UTF-8 连续字节
我试图弄清楚 UTF-8 编码中的“连续字节”是什么(出于好奇)。
维基百科在 UTF-8 文章中介绍了这个术语,但根本没有定义它
Google 搜索也没有返回任何有用的信息。我即将进入官方规范,但最好先阅读高级摘要。
I'm trying to figure out what "continuation bytes" are (for curiousity sake) in the UTF-8 encoding.
Wikipedia introduces this term in the UTF-8 article without defining it at all
Google search returns no useful information either. I'm about to jump into the official specification, but would preferably read a high-level summary first.
如果你对这篇内容有疑问,欢迎到本站社区发帖提问 参与讨论,获取更多帮助,或者扫码二维码加入 Web 技术交流群。
绑定邮箱获取回复消息
由于您还没有绑定你的真实邮箱,如果其他用户或者作者回复了您的评论,将不能在第一时间通知您!
发布评论
评论(3)
UTF-8 中的连续字节是前两位为
10
的任何字节。它们是多字节序列中的后续字节。下表可能会有所帮助:
在这里您可以看到 Unicode 代码点如何映射到 UTF-8 多字节字节序列及其等效的二进制值。
基本规则是这样的:
0
位开头,则它是小于 128 的单个字节值。11
开头,则它是一个字节的第一个字节多字节序列,开头的1
位数表示总共有多少字节(110xxxxx
有两个字节,1110xxxx
有三和11110xxx
有四个)。10
开头,则它是一个连续字节。这种区别允许非常方便的处理,例如能够从序列中的任何字节进行备份以查找该代码点的第一个字节。只需向后搜索,直到找到不以
10
位开头的位置。同样,它也可以用于 UTF-8
strlen
,仅计算非10xxxxxx
字节。A continuation byte in UTF-8 is any byte where the top two bits are
10
.They are the subsequent bytes in multi-byte sequences. The following table may help:
Here you can see how the Unicode code points map to UTF-8 multi-byte byte sequences, and their equivalent binary values.
The basic rules are this:
0
bit, it's a single byte value less than 128.11
, it's the first byte of a multi-byte sequence and the number of1
bits at the start indicates how many bytes there are in total (110xxxxx
has two bytes,1110xxxx
has three and11110xxx
has four).10
, it's a continuation byte.This distinction allows quite handy processing such as being able to back up from any byte in a sequence to find the first byte of that code point. Just search backwards until you find one not beginning with the
10
bits.Similarly, it can also be used for a UTF-8
strlen
by only counting non-10xxxxxx
bytes.简而言之,连续字节是除了第一个字节或单个字节之外的字节。在 UTF-8 中,连续字节以 0x10 开始。
In short words, continuation bytes are the bytes except first byte or single byte. In UTF-8, continuation bytes are started with 0x10.
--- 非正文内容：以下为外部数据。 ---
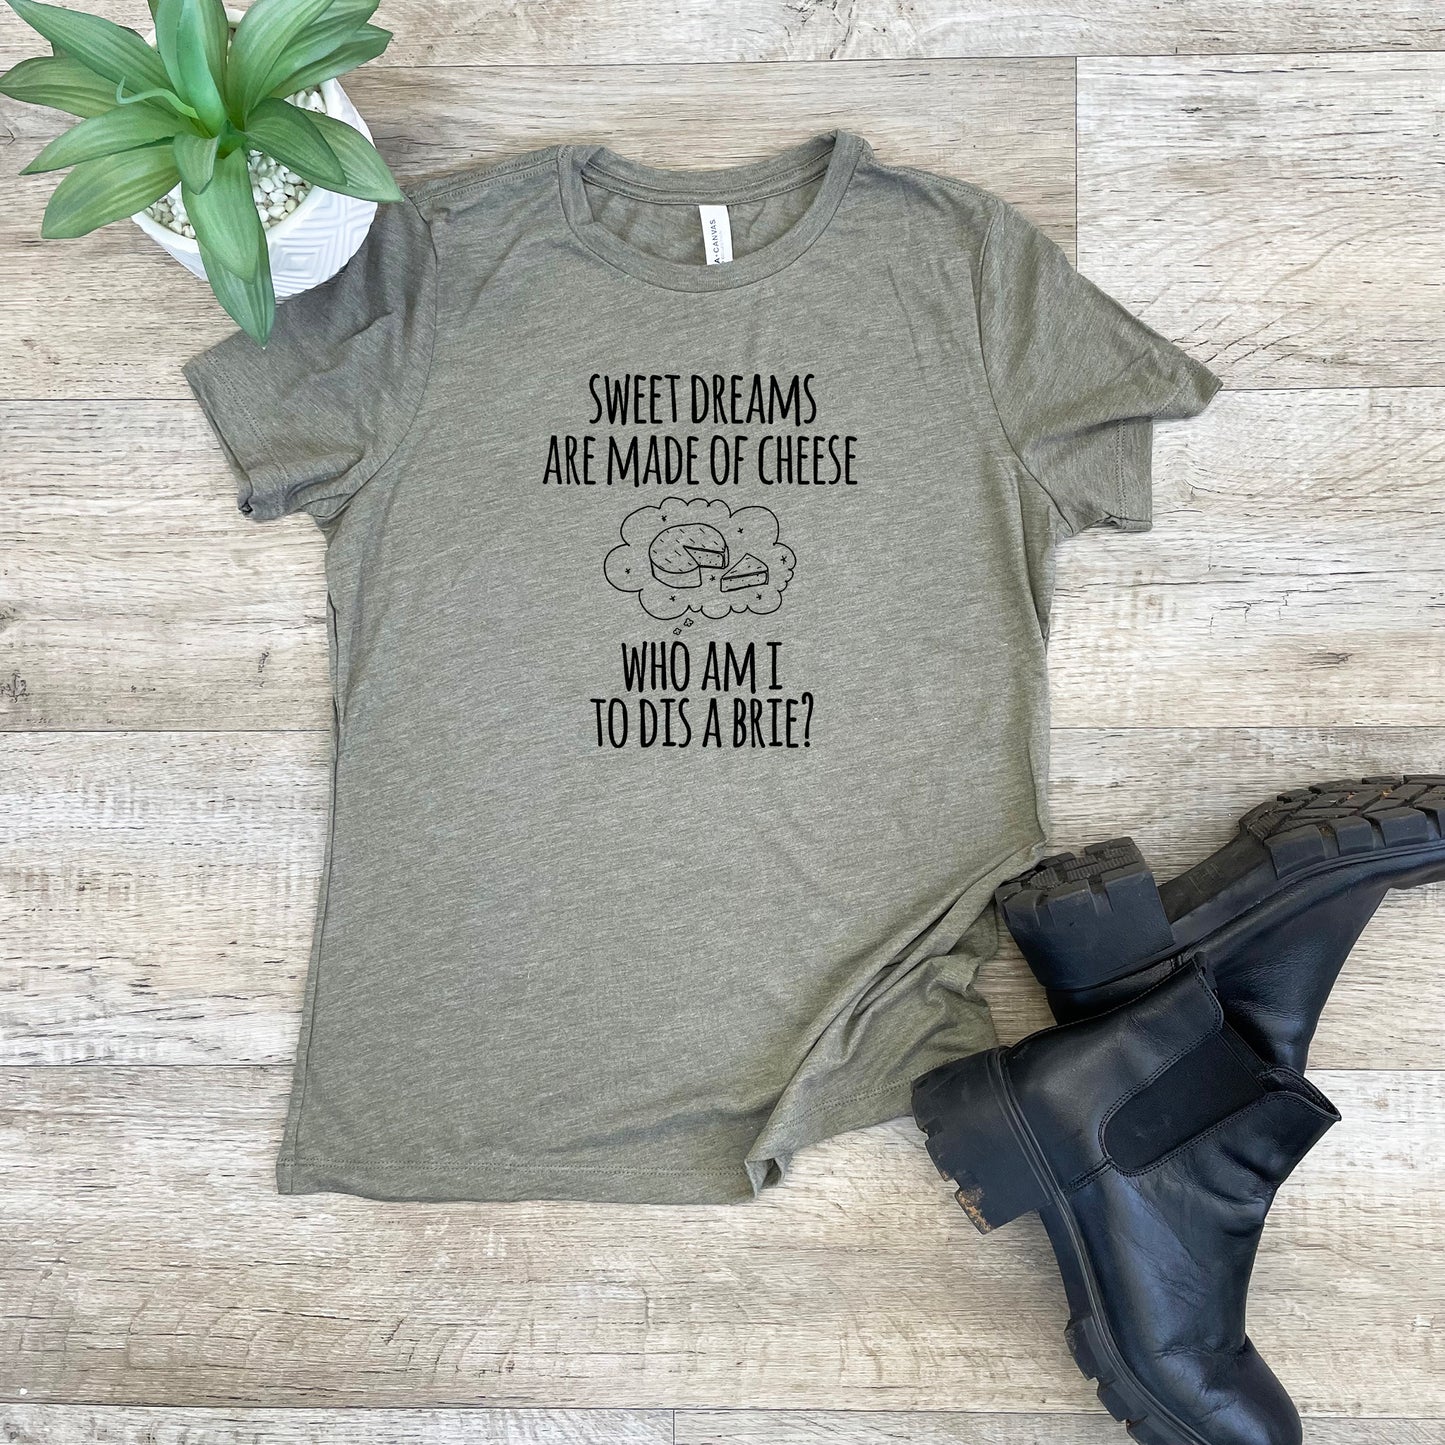 Sweet Dreams Are Made Of Cheese, Who Am I To Dis A Brie? - Women's Crew Tee - Olive or Dusty Blue

“连续字节”不是一个术语,而是一个普通的英语单词和术语“字节”。如果用作伪术语,可能会使读者感到困惑。
Unicode 标准仅在一处使用此表达式,Ch. 5,第 5.22 条:“例如,考虑四字节 UTF-8 序列的前三个字节,后跟一个不能是有效连续字节的字节:。”在这种情况下,含义很明确:它只是一个延续某些内容的字节,即字节序列。
维基百科页面显然使用“连续字节”来表示 UTF-8 编码中除字符编码形式的第一个字节之外的任何字节。
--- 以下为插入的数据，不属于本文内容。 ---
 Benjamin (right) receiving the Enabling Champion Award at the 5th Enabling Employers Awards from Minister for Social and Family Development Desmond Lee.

“Continuation byte” isn’t a term but a normal English word and the term “byte.” If used as a pseudo-term, it may confuse the reader.
The Unicode Standard uses this expression in one place only, Ch. 5, clause 5.22: “For example, consider the first three bytes of a four-byte UTF-8 sequence, followed by a byte which cannot be a valid continuation byte: .” In this context, the meaning is clear: it’s just a byte that continues something, namely a sequence of bytes.
The Wikipedia page apparently uses “continuation byte” to mean any byte in the UTF-8 encoding except the first byte of the encoded form of a character.